Asa, krallığının otuz dokuzuncu yılında ayaklarından hastalandı. Durumu çok ağırdı. Hastalığında RAB’be yöneleceğine hekimlere başvurdu.
Il trentanovesimo anno del suo regno, Asa ebbe una malattia ai piedi; la sua malattia fu gravissima; e, nondimeno, nella sua malattia non ricorse all’Eterno, ma ai medici.
Asa krallığının kırk birinci yılında ölüp atalarına kavuştu.
E Asa si addormento coi suoi padri; morì il quarantunesimo anno del suo regno,
Onu özel olarak hazırlanmış, güzel kokulu çeşit çeşit baharat dolu bir sedyeye yatırarak Davut Kenti’nde kendisi için yaptırdığı mezara gömdüler.
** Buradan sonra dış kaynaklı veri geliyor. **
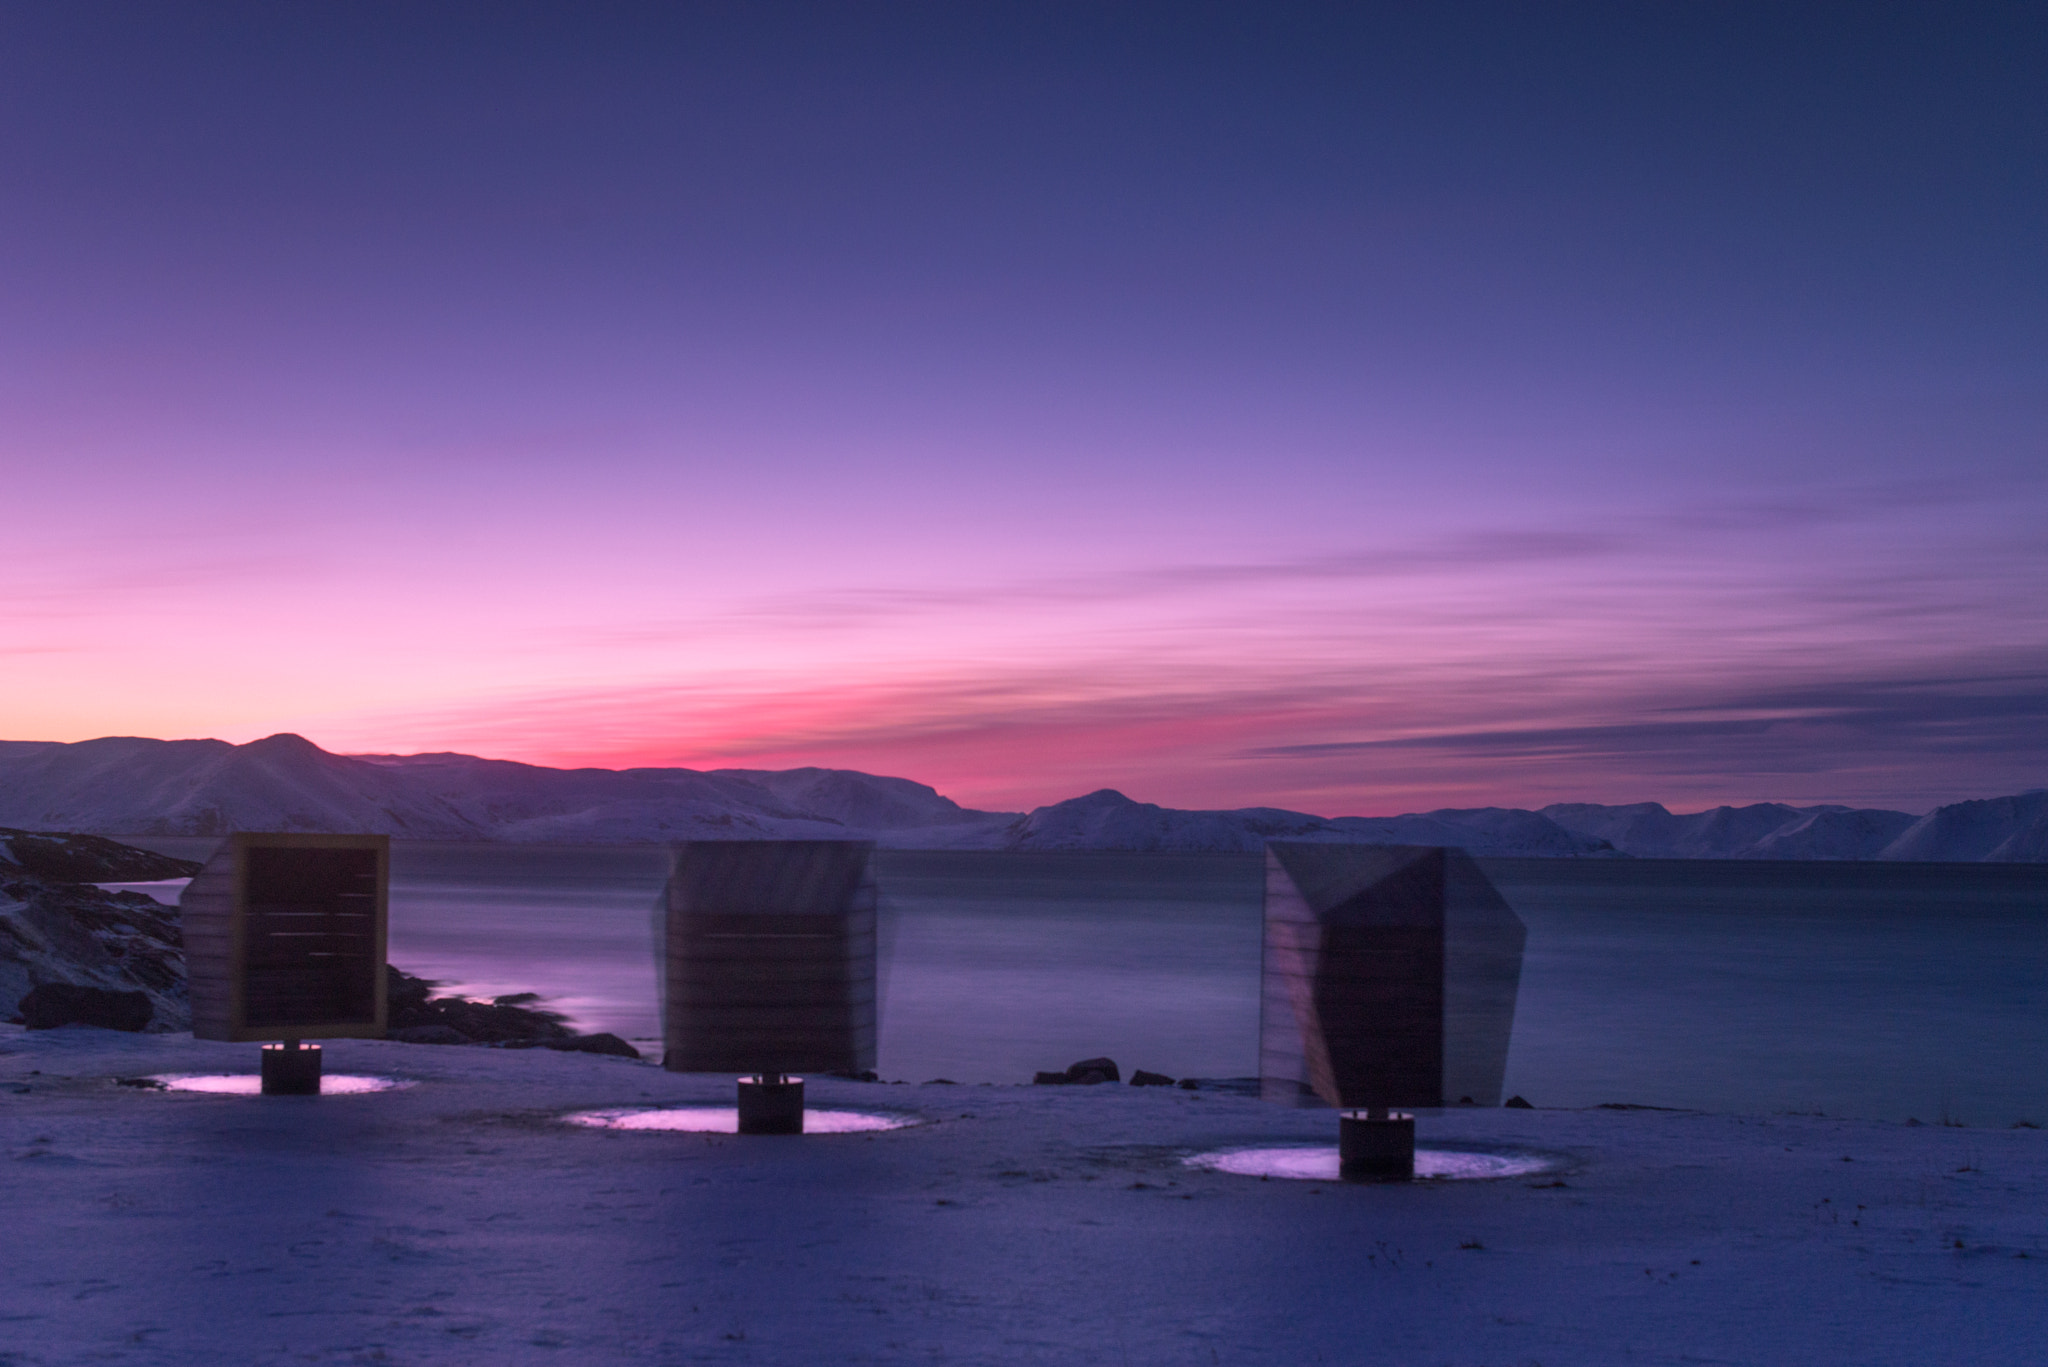 Pentax K-1 sample photo. Gapahukene - arctic norway sunset photography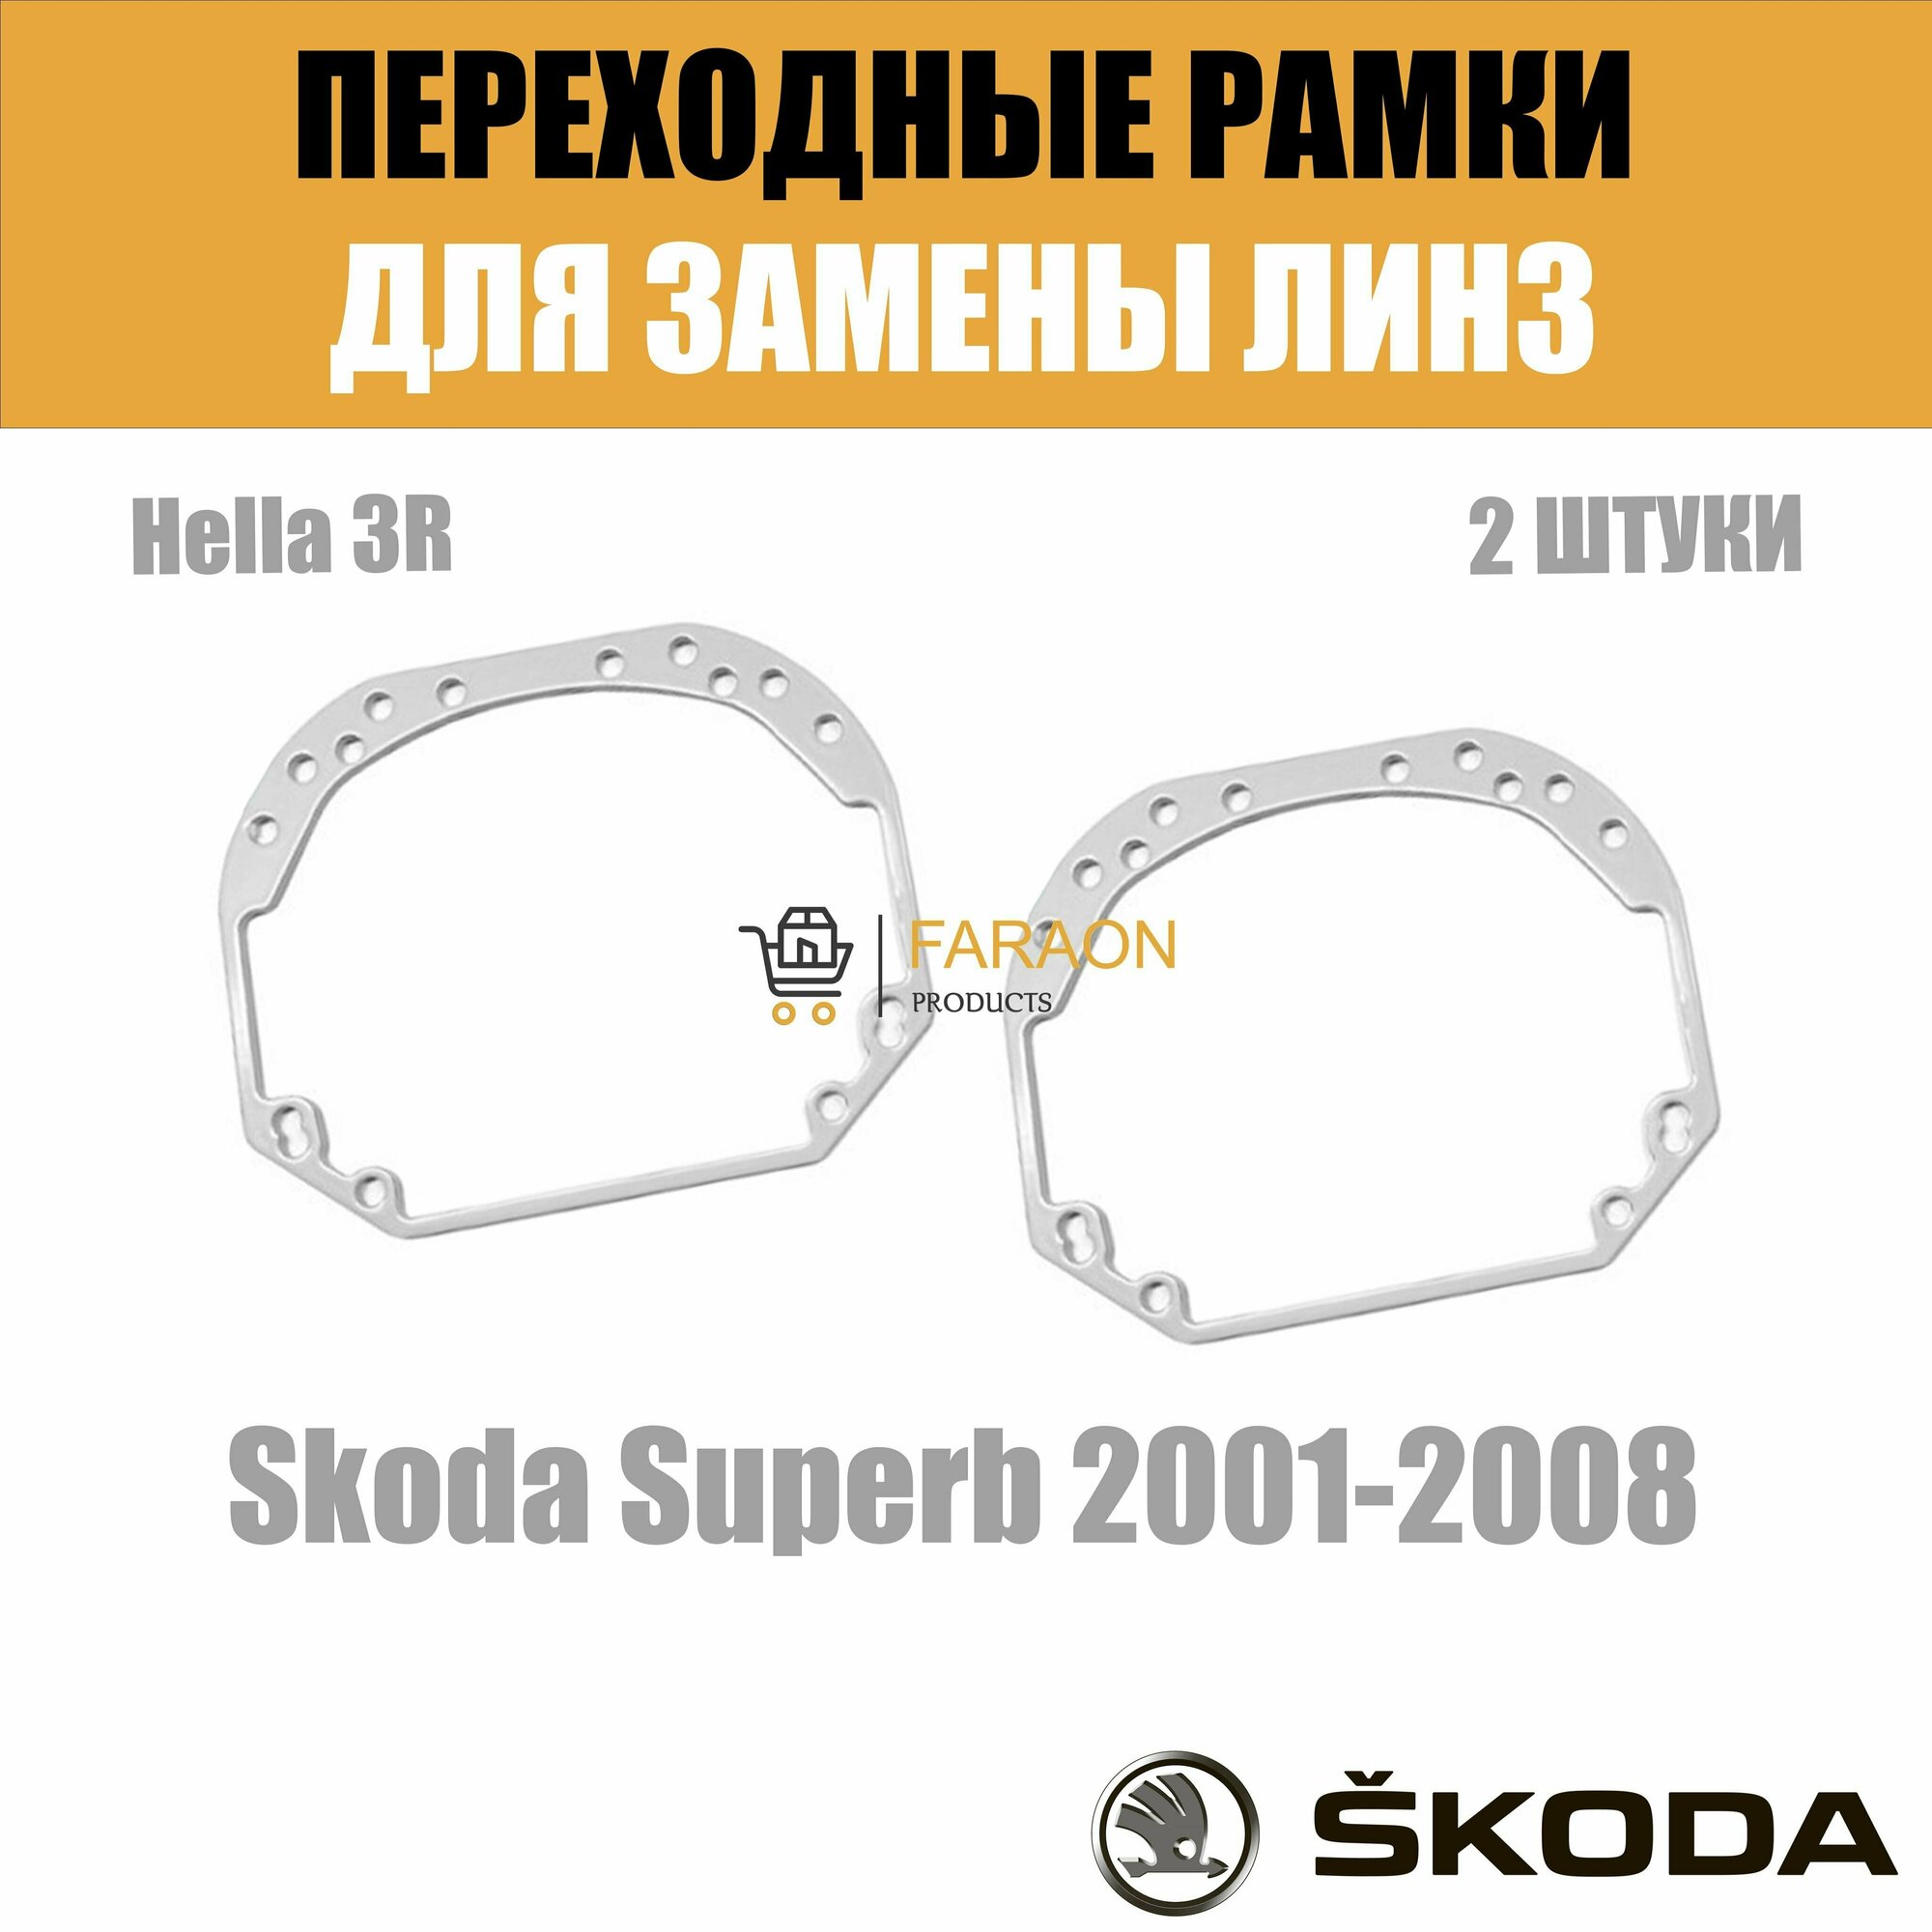 Переходные рамки для замены линз №1 на Skoda Superb 2001-2008 Крепление Hella 3R

Onuruna çok büyük bir ateş yaktılar.
e fu sepolto nel sepolcro ch’egli avea fatto scavare per sé nella città di Davide. Fu steso sopra un letto pieno di profumi e di varie sorta d’aromi composti con arte di profumiere; e ne bruciarono una grandissima quantità in onor suo.